Por: Paulina Chavira, periodista y asesora lingüística.
Estoy segura de que lo has escuchado, incluso de que quizá alguna vez lo has dicho: una palabra no hace la diferencia. Pero si algo he aprendido en los años que he trabajado como periodista, editora y correctora de estilo, es lo mucho que las palabras que usamos revelan quiénes somos. Escogemos nuestro vocabulario casi sin pensar, como un combo que nos fue dado, pero en realidad tenemos una gran capacidad para leer a la audiencia a la que le hablamos: podemos escribir la misma idea en un mensaje de WhatsApp, pero las palabras que usaremos cambiarán dependiendo de si se lo enviamos a nuestra familia o a nuestro equipo de trabajo. Este es un conocimiento que afinamos con el tiempo. Como sucede con todo lo que tiene que ver con la forma en la que nos expresamos: hay cambios. La manera en la que escribes o hablas es muy distinta a la forma en la que lo hacías en tu adolescencia, incluso, hace cinco años. Porque tienes mayor conocimiento y también porque la realidad exige que cambies cómo hablas, cómo escribes y cómo te comunicas. Lo curioso es que no somos tan conscientes de que nuestra lengua,con todas sus reglas ortográficas y gramaticales, va adaptándose también. Pensamos —¡y a veces hasta nos quejamos!— que qué estático es el español.

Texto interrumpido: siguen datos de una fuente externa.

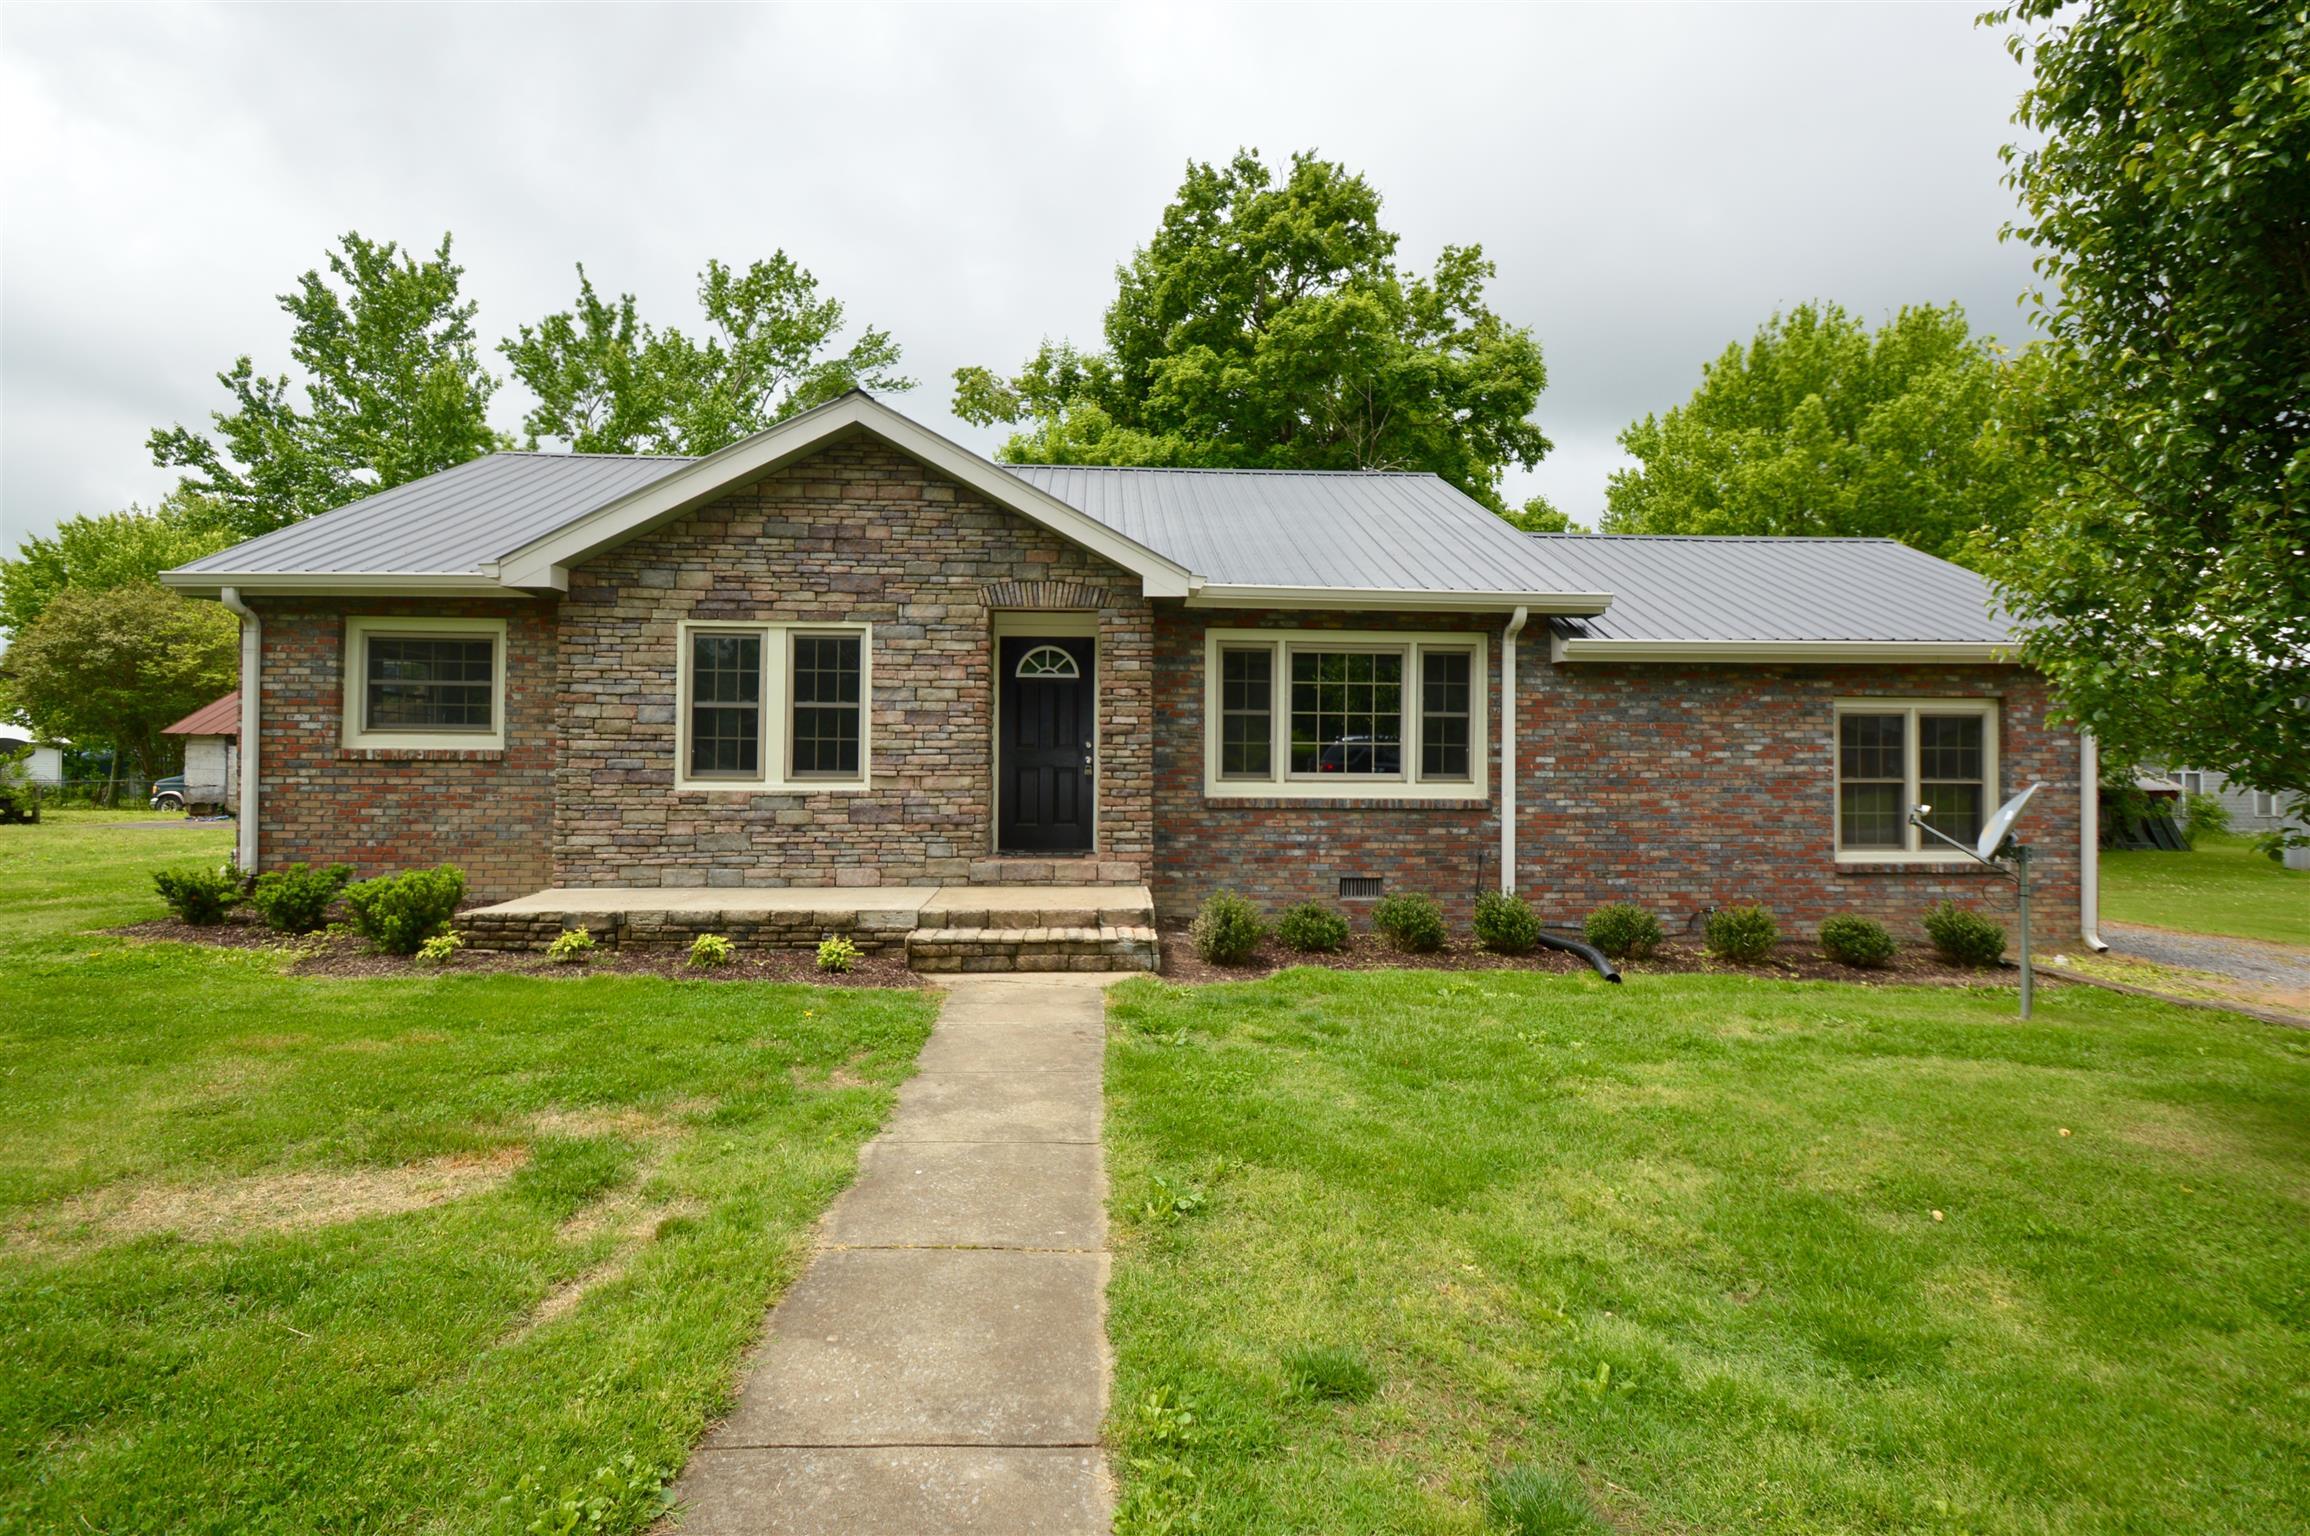 91 Church St, MC EWEN, TN 37101 - MC EWEN, TN real estate listing

Pero la lengua cambia: hoy nadie habla como se hablaba en 1492, cuando Antonio de Nebrija escribió la primera gramática del español, o como en 1741, cuando se publicó la Ortographía española. Incluso esas reglas que nos parecen inamovibles han cambiado para adaptarse a su momento. Nuestro tiempo exige mayor conciencia de cómo hablamos y de qué palabras seleccionamos para moldear nuestra realidad: esa capacidad ha estado ahí siempre pero, por ejemplo, desde los años 90 ha habido un esfuerzo claro y consciente de nombrar a las mujeres, contrario a lo que la gramática receta. Y contrario a lo que nos enseñaron: que el masculino genérico basta y sobra para referirnos a un grupo de personas. Hay quienes se sienten incluidas en un todos (pero el haber utilizado ese adjetivo, incluidas, en femenino, ayuda a que interpretes que me refiero a personas que se identifican con el género femenino, a diferencia de que hubiera usado incluidos, como mandaría el masculino genérico… de ahí la importancia de las palabras que elegimos) y me parece muy respetable. Pero nombrar, usar un sustantivo o un adjetivo en femenino si corresponde, nos ayuda a crear en nuestra mente un espacio y un concepto para asegurar que las presidentas, las directoras, las delanteras, las escritoras, las porteras, las químicas, las médicas, las ingenieras… tengan un lugar —y una palabra— en nuestra realidad. Contrario a lo que nos enseñaron, la gramática se adapta a la forma en la que combinamos las palabras, así como la ortografía nos da las pistas para crear palabras que estén bien formadas, como albañila o generala. Limitar nuestra lengua es limitar nuestra capacidad de crear realidades que sean igualitarias e incluyentes. Y en nuestras palabras está la mejor herramienta para crear esos espacios para la igualdad y la inclusión.